The janitor of the shabby and comfortless
old building admitted the girls, not without suspicion,
and gave them lighted candles, which they would need,
without other remark than “there’s a new
one, Miss,” as the girls went up the broad stairs.
They climbed to the third story, and
paused before a door, which they unlocked, and which
admitted them into a long apartment, with a row of
windows on one side and one at the end. The room
was without light, save from the stars and the candles
the girls carried, which revealed to them dimly two
long and several small tables, a few benches and chairs,
a couple of skeletons hanging on the wall, a sink,
and cloth-covered heaps of something upon the tables
here and there.
The windows were open, and the cool
night wind came in strong enough to flutter a white
covering now and then, and to shake the loose casements.
But all the sweet odors of the night could not take
from the room a faint suggestion of mortality.
The young ladies paused a moment.
The room itself was familiar enough, but night makes
almost any chamber eerie, and especially such a room
of detention as this where the mortal parts of the
unburied might almost be supposed to be,
visited, on the sighing night winds, by the wandering
spirits of their late tenants.
Opposite and at some distance across
the roofs of lower buildings, the girls saw a tall
edifice, the long upper story of which seemed to be
a dancing hall. The windows of that were also
open, and through them they heard the scream of the
jiggered and tortured violin, and the pump, pump of
the oboe, and saw the moving shapes of men and women
in quick transition, and heard the prompter’s
drawl.
“I wonder,” said Ruth,
“what the girls dancing there would think if
they saw us, or knew that there was such a room as
this so near them.”
She did not speak very loud, and,
perhaps unconsciously, the girls drew near to each
other as they approached the long table in the centre
of the room.

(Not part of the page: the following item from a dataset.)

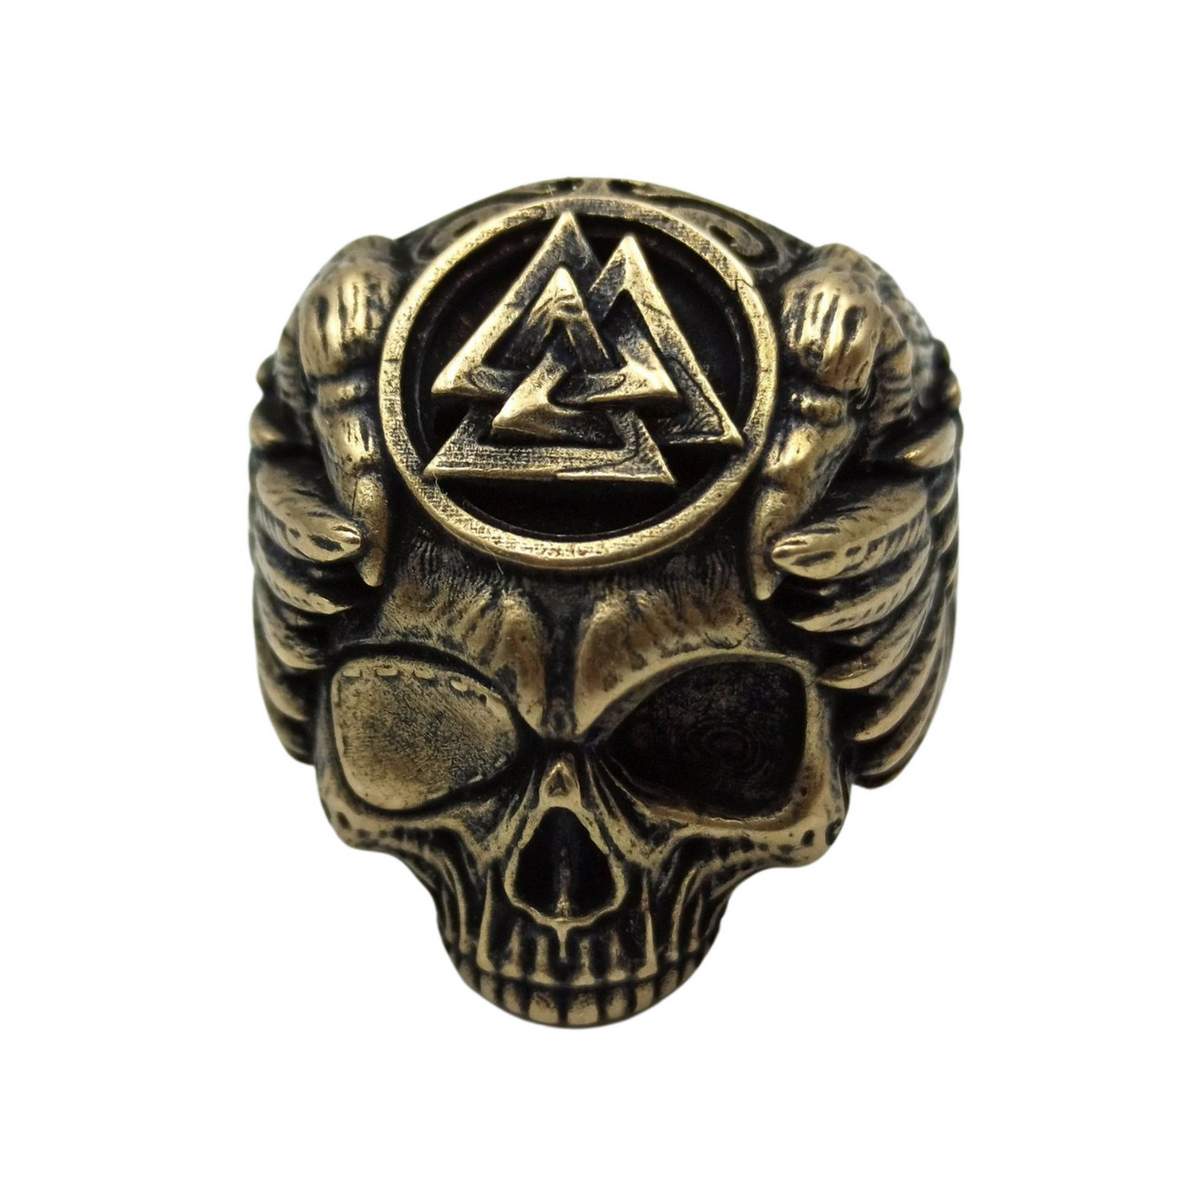 Odin skull bronze ring 6 US Bronze with patina 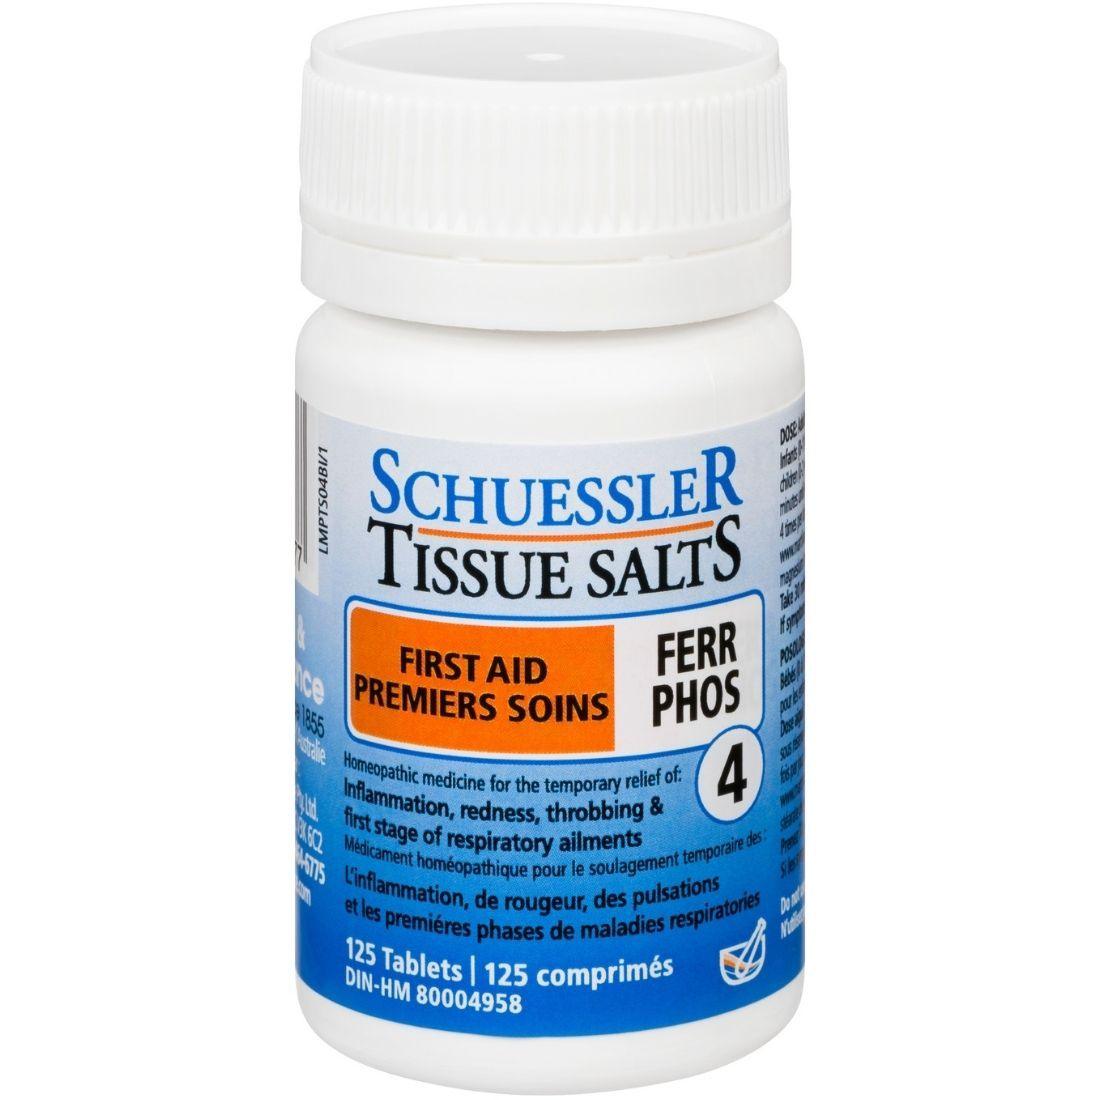 Schuessler Tissue Salts First Aid Ferr Phos #4 125 Tabs Homeopathic at Village Vitamin Store

A straight object lay upon it,
covered with a sheet. This was doubtless “the
new one” of which the janitor spoke. Ruth
advanced, and with a not very steady hand lifted the
white covering from the upper part of the figure and
turned it down. Both the girls started.
It was a negro. The black face seemed to defy
the pallor of death, and asserted an ugly life-likeness
that was frightful.
Ruth was as pale as the white sheet,
and her comrade whispered, “Come away, Ruth,
it is awful.”
Perhaps it was the wavering light
of the candles, perhaps it was only the agony from
a death of pain, but the repulsive black face seemed
to wear a scowl that said, “Haven’t you
yet done with the outcast, persecuted black man, but
you must now haul him from his grave, and send even
your women to dismember his body?”
Who is this dead man, one of thousands
who died yesterday, and will be dust anon, to protest
that science shall not turn his worthless carcass
to some account?
Ruth could have had no such thought,
for with a pity in her sweet face, that for the moment
overcame fear and disgust, she reverently replaced
the covering, and went away to her own table, as her
companion did to hers. And there for an hour
they worked at their several problems, without speaking,
but not without an awe of the presence there, “the
new one,” and not without an awful sense of
life itself, as they heard the pulsations of the music
and the light laughter from the dancing-hall.
When, at length, they went away, and
locked the dreadful room behind them, and came out
into the street, where people were passing, they, for
the first time, realized, in the relief they felt,
what a nervous strain they had been under.